— GOAL OF THE EXERCISE —
Images in the data are to be skipped, while every line is restated exactly as written.

— RECORDED DATA —
= Beginning of Section =

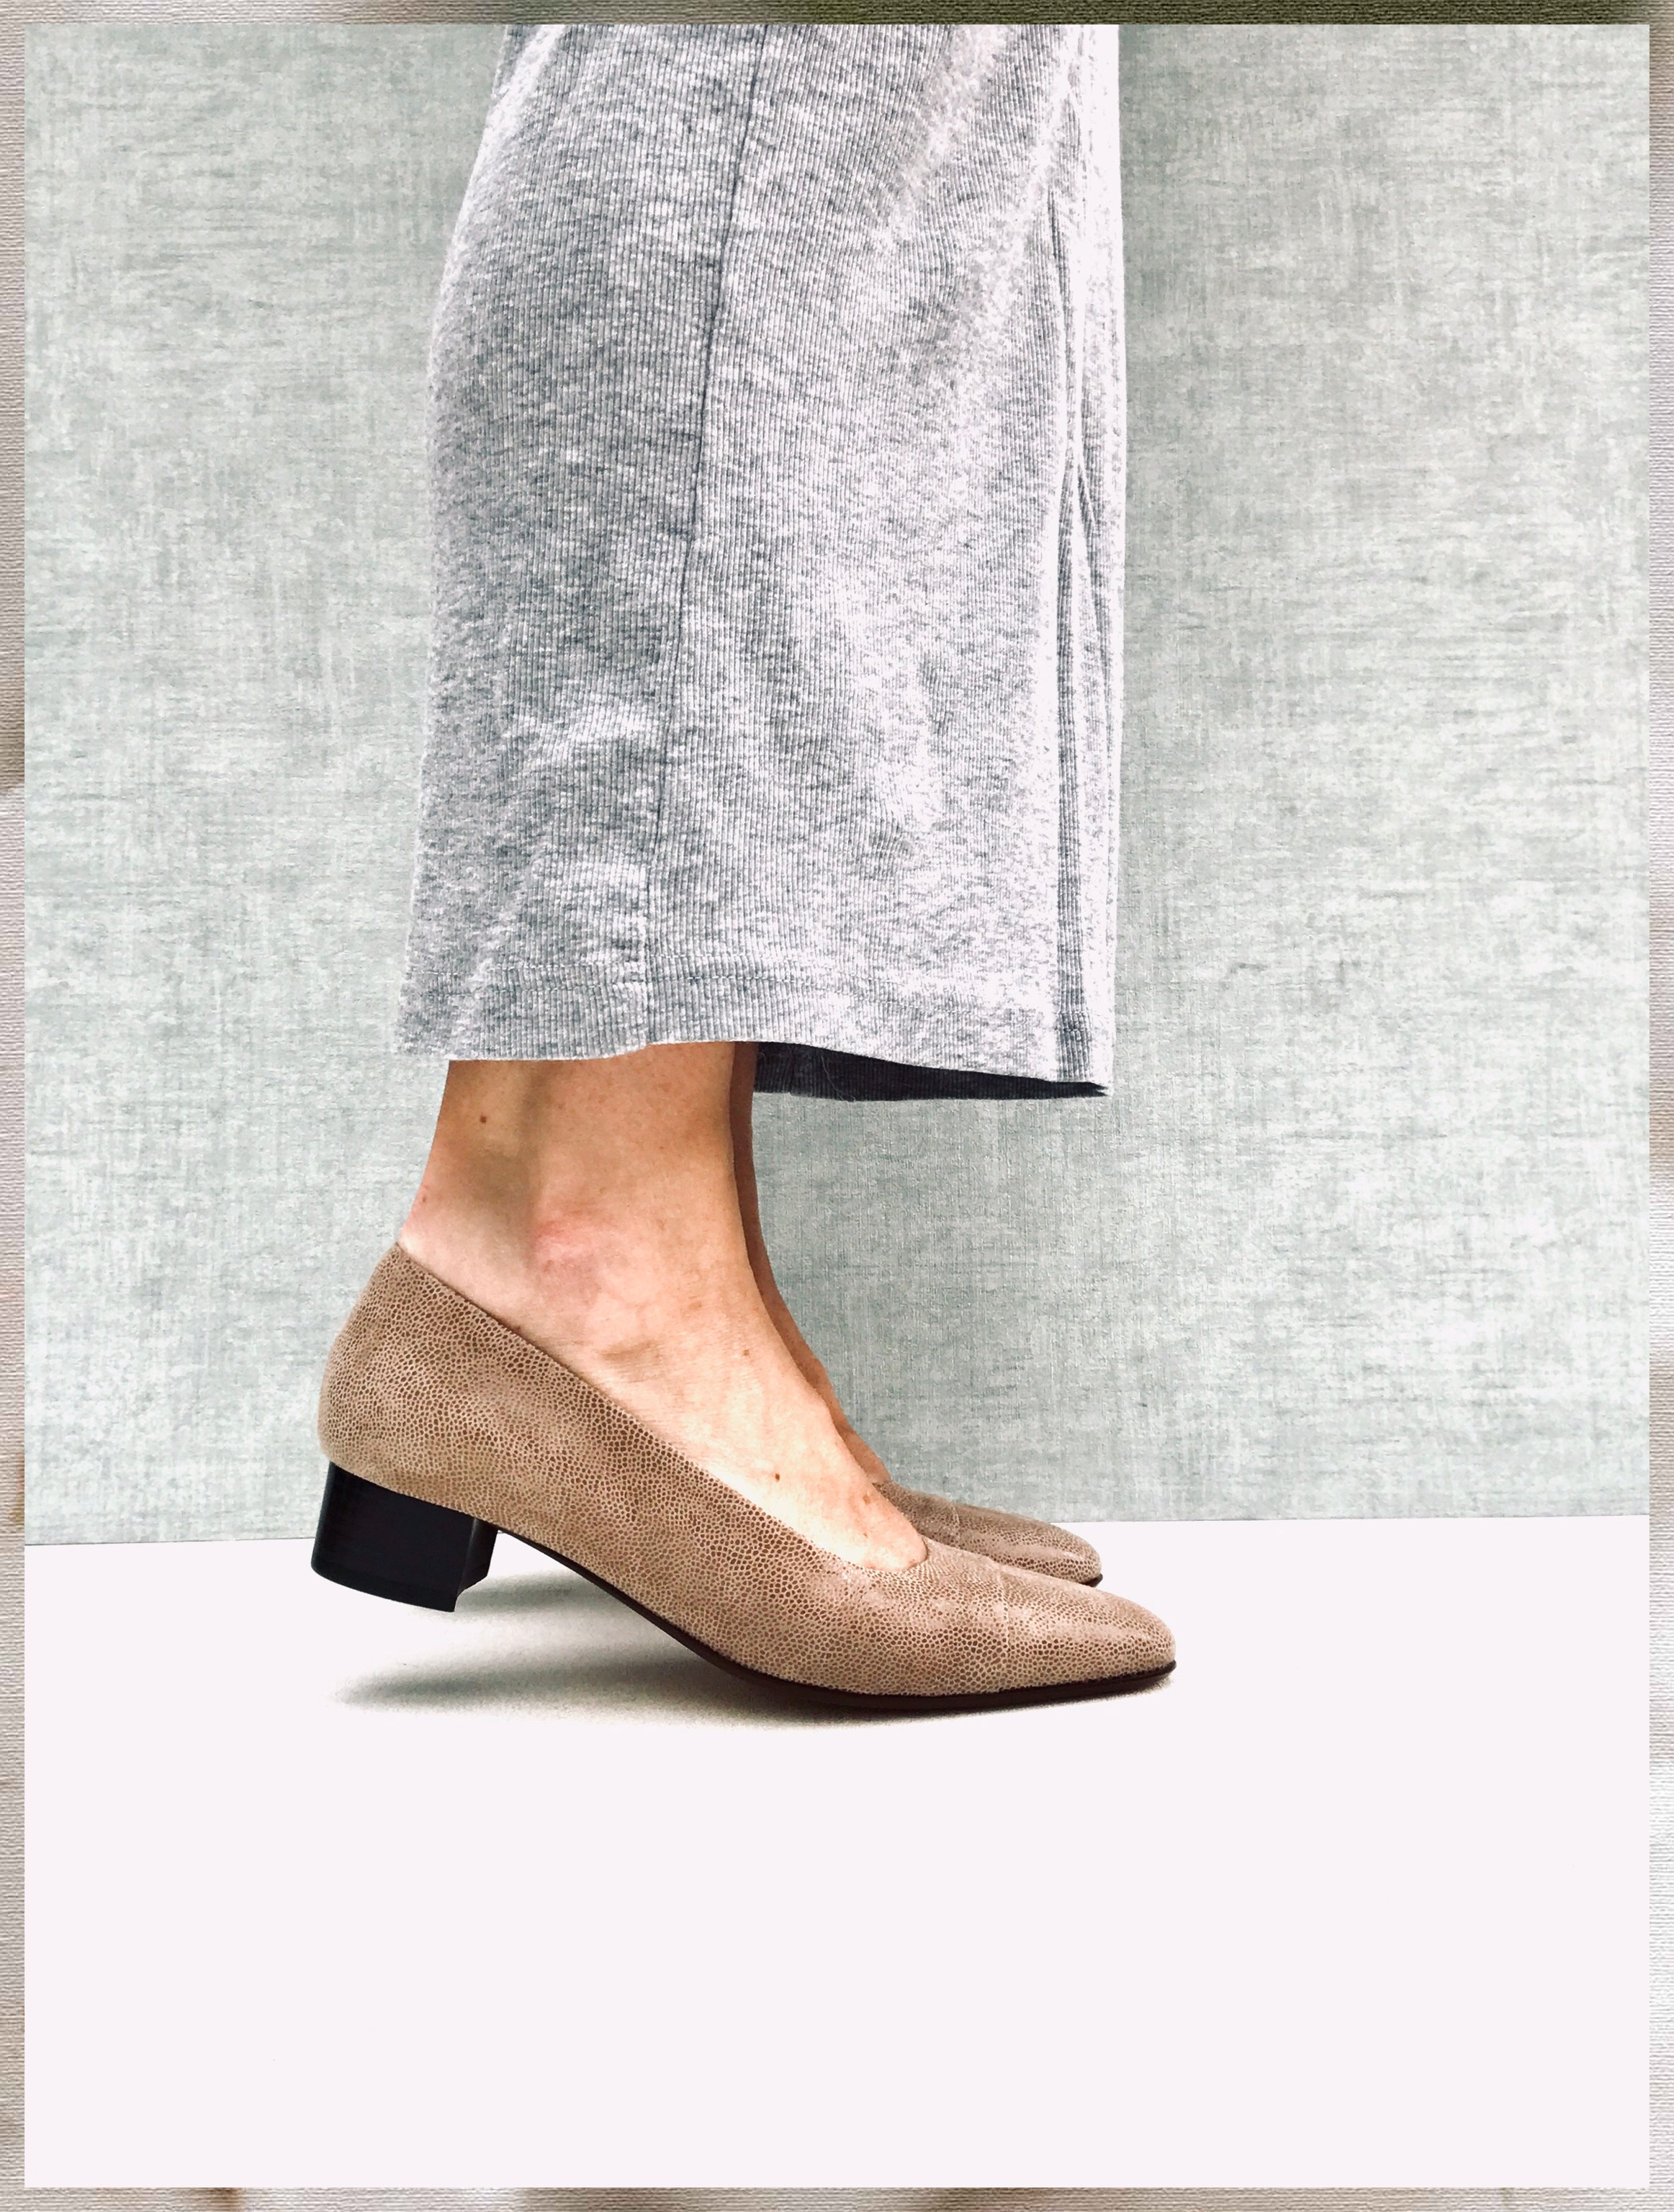 Genève Online Luganoamp; Spécialiste Pour Femmes Chaussures Des VUSpqMz
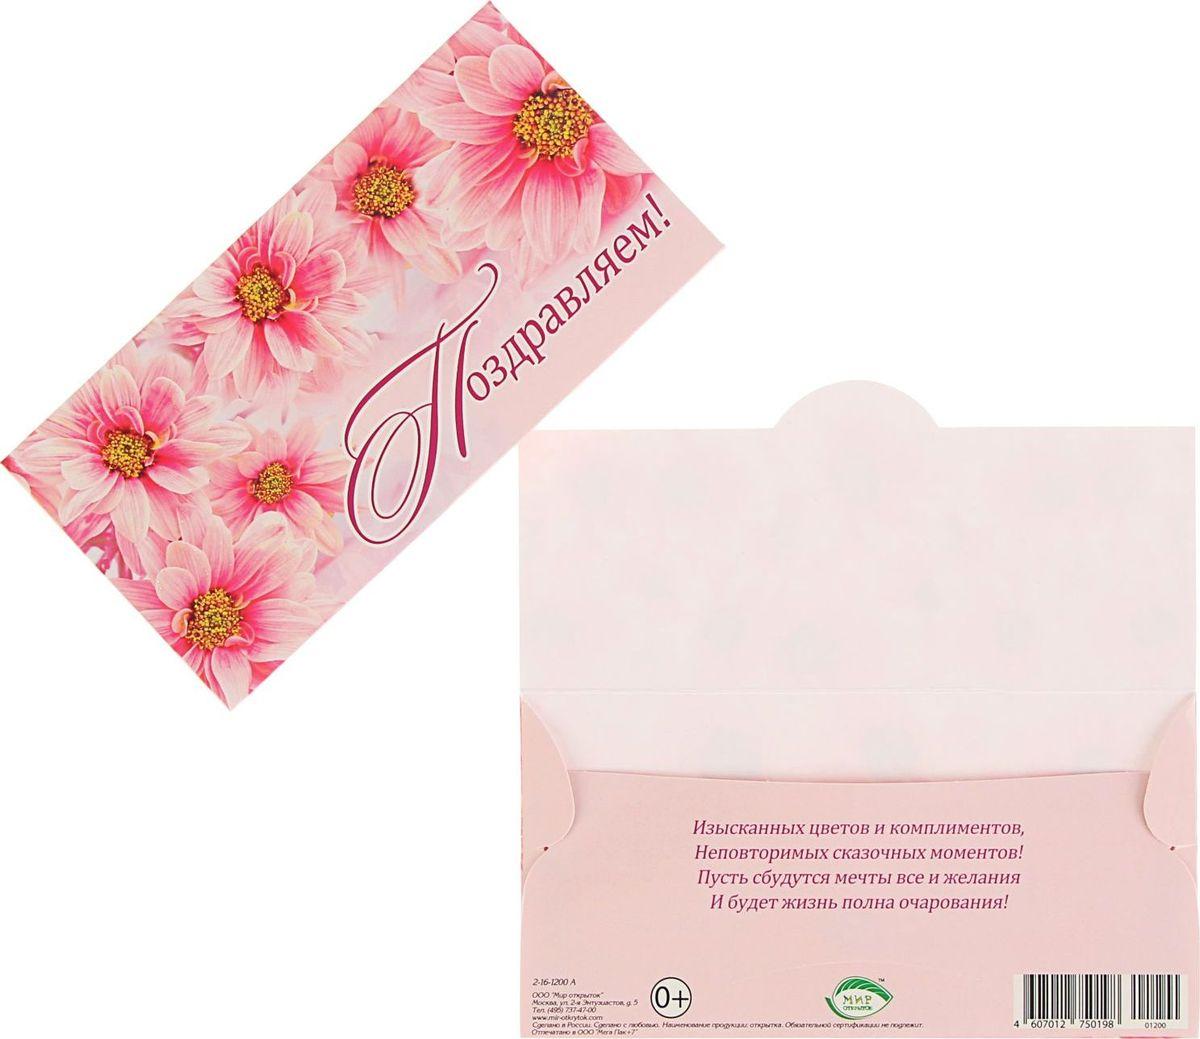 Конверт для денег Мир открыток Поздравляем! Розовые цветы, 16,4 х 8,4 см1796262Конверт для денег Мир открыток Поздравляем! Розовые цветы выполнен из картона с красивым дизайном. Невозможно представить нашу жизнь без праздников! Мы всегда ждем их и предвкушаем, обдумываем, как проведем памятный день, тщательно выбираем подарки и аксессуары, ведь именно они создают и поддерживают торжественный настрой. Этот конверт - отличный выбор, который привнесет атмосферу праздника в ваш дом!
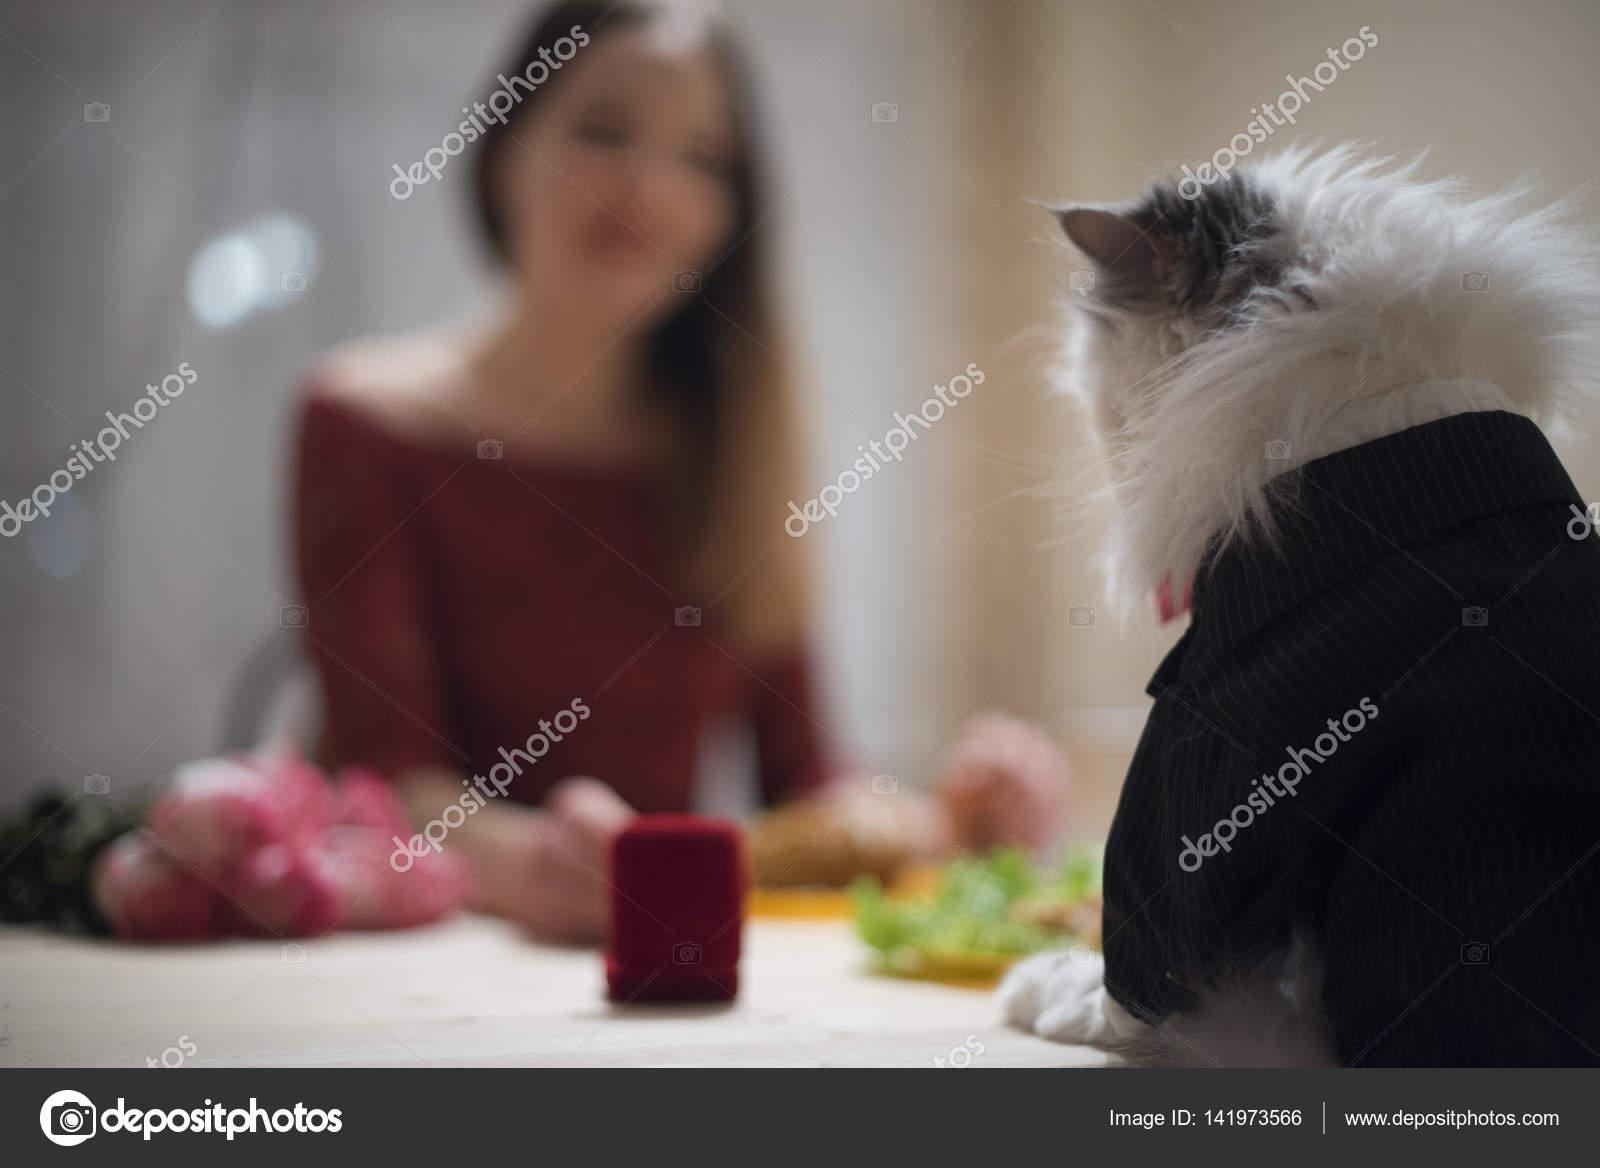 jeune et tendre chatte leabian asiatique porno

= End of Section =

— EXERCISE RESULT —
 Genève Online Luganoamp; Spécialiste Pour Femmes Chaussures Des VUSpqMz
 Конверт для денег Мир открыток Поздравляем! Розовые цветы, 16,4 х 8,4 см1796262Конверт для денег Мир открыток Поздравляем! Розовые цветы выполнен из картона с красивым дизайном. Невозможно представить нашу жизнь без праздников! Мы всегда ждем их и предвкушаем, обдумываем, как проведем памятный день, тщательно выбираем подарки и аксессуары, ведь именно они создают и поддерживают торжественный настрой. Этот конверт - отличный выбор, который привнесет атмосферу праздника в ваш дом!
 jeune et tendre chatte leabian asiatique porno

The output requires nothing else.